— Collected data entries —
_ _ _ _ _ _ _
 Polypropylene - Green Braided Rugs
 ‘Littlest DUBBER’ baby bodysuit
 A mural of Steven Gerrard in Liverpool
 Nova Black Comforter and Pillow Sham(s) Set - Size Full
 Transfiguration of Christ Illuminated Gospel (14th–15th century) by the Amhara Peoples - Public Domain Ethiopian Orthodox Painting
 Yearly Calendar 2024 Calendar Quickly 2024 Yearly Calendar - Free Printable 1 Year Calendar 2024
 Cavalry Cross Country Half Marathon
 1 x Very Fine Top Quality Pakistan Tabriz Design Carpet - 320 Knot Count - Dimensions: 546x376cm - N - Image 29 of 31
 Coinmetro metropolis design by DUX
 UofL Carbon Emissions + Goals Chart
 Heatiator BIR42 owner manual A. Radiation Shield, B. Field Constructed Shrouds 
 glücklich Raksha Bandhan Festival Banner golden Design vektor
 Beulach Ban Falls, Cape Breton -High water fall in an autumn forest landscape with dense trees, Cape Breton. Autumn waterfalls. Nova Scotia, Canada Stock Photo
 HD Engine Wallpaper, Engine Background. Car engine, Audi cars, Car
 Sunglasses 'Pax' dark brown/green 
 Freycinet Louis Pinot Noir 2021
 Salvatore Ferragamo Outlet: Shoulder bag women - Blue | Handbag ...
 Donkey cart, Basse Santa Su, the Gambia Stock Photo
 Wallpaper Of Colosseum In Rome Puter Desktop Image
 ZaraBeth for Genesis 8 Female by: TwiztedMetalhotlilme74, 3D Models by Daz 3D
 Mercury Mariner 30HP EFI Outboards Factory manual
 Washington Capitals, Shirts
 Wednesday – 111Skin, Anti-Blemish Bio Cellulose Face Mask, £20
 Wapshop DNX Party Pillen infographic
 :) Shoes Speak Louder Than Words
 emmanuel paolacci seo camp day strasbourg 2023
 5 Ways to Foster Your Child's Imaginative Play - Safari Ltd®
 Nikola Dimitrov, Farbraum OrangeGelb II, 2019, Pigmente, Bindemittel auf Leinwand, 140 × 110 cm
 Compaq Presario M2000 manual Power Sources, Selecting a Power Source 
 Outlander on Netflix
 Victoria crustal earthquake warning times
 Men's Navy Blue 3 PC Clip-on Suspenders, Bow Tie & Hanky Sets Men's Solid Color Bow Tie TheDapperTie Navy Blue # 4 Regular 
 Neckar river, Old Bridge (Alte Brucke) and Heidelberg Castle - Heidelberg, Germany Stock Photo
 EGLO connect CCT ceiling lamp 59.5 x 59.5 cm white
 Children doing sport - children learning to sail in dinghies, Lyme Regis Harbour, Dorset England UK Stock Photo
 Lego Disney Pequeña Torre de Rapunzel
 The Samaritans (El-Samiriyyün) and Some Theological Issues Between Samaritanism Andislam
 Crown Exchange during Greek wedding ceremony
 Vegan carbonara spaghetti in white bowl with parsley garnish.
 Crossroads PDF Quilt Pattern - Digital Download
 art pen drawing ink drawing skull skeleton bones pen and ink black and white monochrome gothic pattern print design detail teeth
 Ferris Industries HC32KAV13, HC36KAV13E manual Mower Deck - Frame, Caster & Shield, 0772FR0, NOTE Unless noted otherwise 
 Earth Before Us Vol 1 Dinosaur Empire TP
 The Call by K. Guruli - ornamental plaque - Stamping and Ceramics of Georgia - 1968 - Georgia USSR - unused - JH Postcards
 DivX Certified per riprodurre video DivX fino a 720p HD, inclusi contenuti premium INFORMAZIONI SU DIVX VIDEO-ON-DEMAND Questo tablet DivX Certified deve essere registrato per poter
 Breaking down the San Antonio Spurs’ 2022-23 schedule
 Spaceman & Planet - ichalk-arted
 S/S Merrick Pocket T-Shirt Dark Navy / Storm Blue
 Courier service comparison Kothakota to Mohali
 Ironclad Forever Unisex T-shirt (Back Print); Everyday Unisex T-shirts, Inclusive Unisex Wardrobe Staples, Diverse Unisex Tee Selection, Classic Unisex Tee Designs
_ _ _ _ _ _ _
— Task to complete —
Return each line of the data exactly as it was given.

— Exercise solution —
 Polypropylene - Green Braided Rugs
 ‘Littlest DUBBER’ baby bodysuit
 A mural of Steven Gerrard in Liverpool
 Nova Black Comforter and Pillow Sham(s) Set - Size Full
 Transfiguration of Christ Illuminated Gospel (14th–15th century) by the Amhara Peoples - Public Domain Ethiopian Orthodox Painting
 Yearly Calendar 2024 Calendar Quickly 2024 Yearly Calendar - Free Printable 1 Year Calendar 2024
 Cavalry Cross Country Half Marathon
 1 x Very Fine Top Quality Pakistan Tabriz Design Carpet - 320 Knot Count - Dimensions: 546x376cm - N - Image 29 of 31
 Coinmetro metropolis design by DUX
 UofL Carbon Emissions + Goals Chart
 Heatiator BIR42 owner manual A. Radiation Shield, B. Field Constructed Shrouds 
 glücklich Raksha Bandhan Festival Banner golden Design vektor
 Beulach Ban Falls, Cape Breton -High water fall in an autumn forest landscape with dense trees, Cape Breton. Autumn waterfalls. Nova Scotia, Canada Stock Photo
 HD Engine Wallpaper, Engine Background. Car engine, Audi cars, Car
 Sunglasses 'Pax' dark brown/green 
 Freycinet Louis Pinot Noir 2021
 Salvatore Ferragamo Outlet: Shoulder bag women - Blue | Handbag ...
 Donkey cart, Basse Santa Su, the Gambia Stock Photo
 Wallpaper Of Colosseum In Rome Puter Desktop Image
 ZaraBeth for Genesis 8 Female by: TwiztedMetalhotlilme74, 3D Models by Daz 3D
 Mercury Mariner 30HP EFI Outboards Factory manual
 Washington Capitals, Shirts
 Wednesday – 111Skin, Anti-Blemish Bio Cellulose Face Mask, £20
 Wapshop DNX Party Pillen infographic
 :) Shoes Speak Louder Than Words
 emmanuel paolacci seo camp day strasbourg 2023
 5 Ways to Foster Your Child's Imaginative Play - Safari Ltd®
 Nikola Dimitrov, Farbraum OrangeGelb II, 2019, Pigmente, Bindemittel auf Leinwand, 140 × 110 cm
 Compaq Presario M2000 manual Power Sources, Selecting a Power Source 
 Outlander on Netflix
 Victoria crustal earthquake warning times
 Men's Navy Blue 3 PC Clip-on Suspenders, Bow Tie & Hanky Sets Men's Solid Color Bow Tie TheDapperTie Navy Blue # 4 Regular 
 Neckar river, Old Bridge (Alte Brucke) and Heidelberg Castle - Heidelberg, Germany Stock Photo
 EGLO connect CCT ceiling lamp 59.5 x 59.5 cm white
 Children doing sport - children learning to sail in dinghies, Lyme Regis Harbour, Dorset England UK Stock Photo
 Lego Disney Pequeña Torre de Rapunzel
 The Samaritans (El-Samiriyyün) and Some Theological Issues Between Samaritanism Andislam
 Crown Exchange during Greek wedding ceremony
 Vegan carbonara spaghetti in white bowl with parsley garnish.
 Crossroads PDF Quilt Pattern - Digital Download
 art pen drawing ink drawing skull skeleton bones pen and ink black and white monochrome gothic pattern print design detail teeth
 Ferris Industries HC32KAV13, HC36KAV13E manual Mower Deck - Frame, Caster & Shield, 0772FR0, NOTE Unless noted otherwise 
 Earth Before Us Vol 1 Dinosaur Empire TP
 The Call by K. Guruli - ornamental plaque - Stamping and Ceramics of Georgia - 1968 - Georgia USSR - unused - JH Postcards
 DivX Certified per riprodurre video DivX fino a 720p HD, inclusi contenuti premium INFORMAZIONI SU DIVX VIDEO-ON-DEMAND Questo tablet DivX Certified deve essere registrato per poter
 Breaking down the San Antonio Spurs’ 2022-23 schedule
 Spaceman & Planet - ichalk-arted
 S/S Merrick Pocket T-Shirt Dark Navy / Storm Blue
 Courier service comparison Kothakota to Mohali
 Ironclad Forever Unisex T-shirt (Back Print); Everyday Unisex T-shirts, Inclusive Unisex Wardrobe Staples, Diverse Unisex Tee Selection, Classic Unisex Tee Designs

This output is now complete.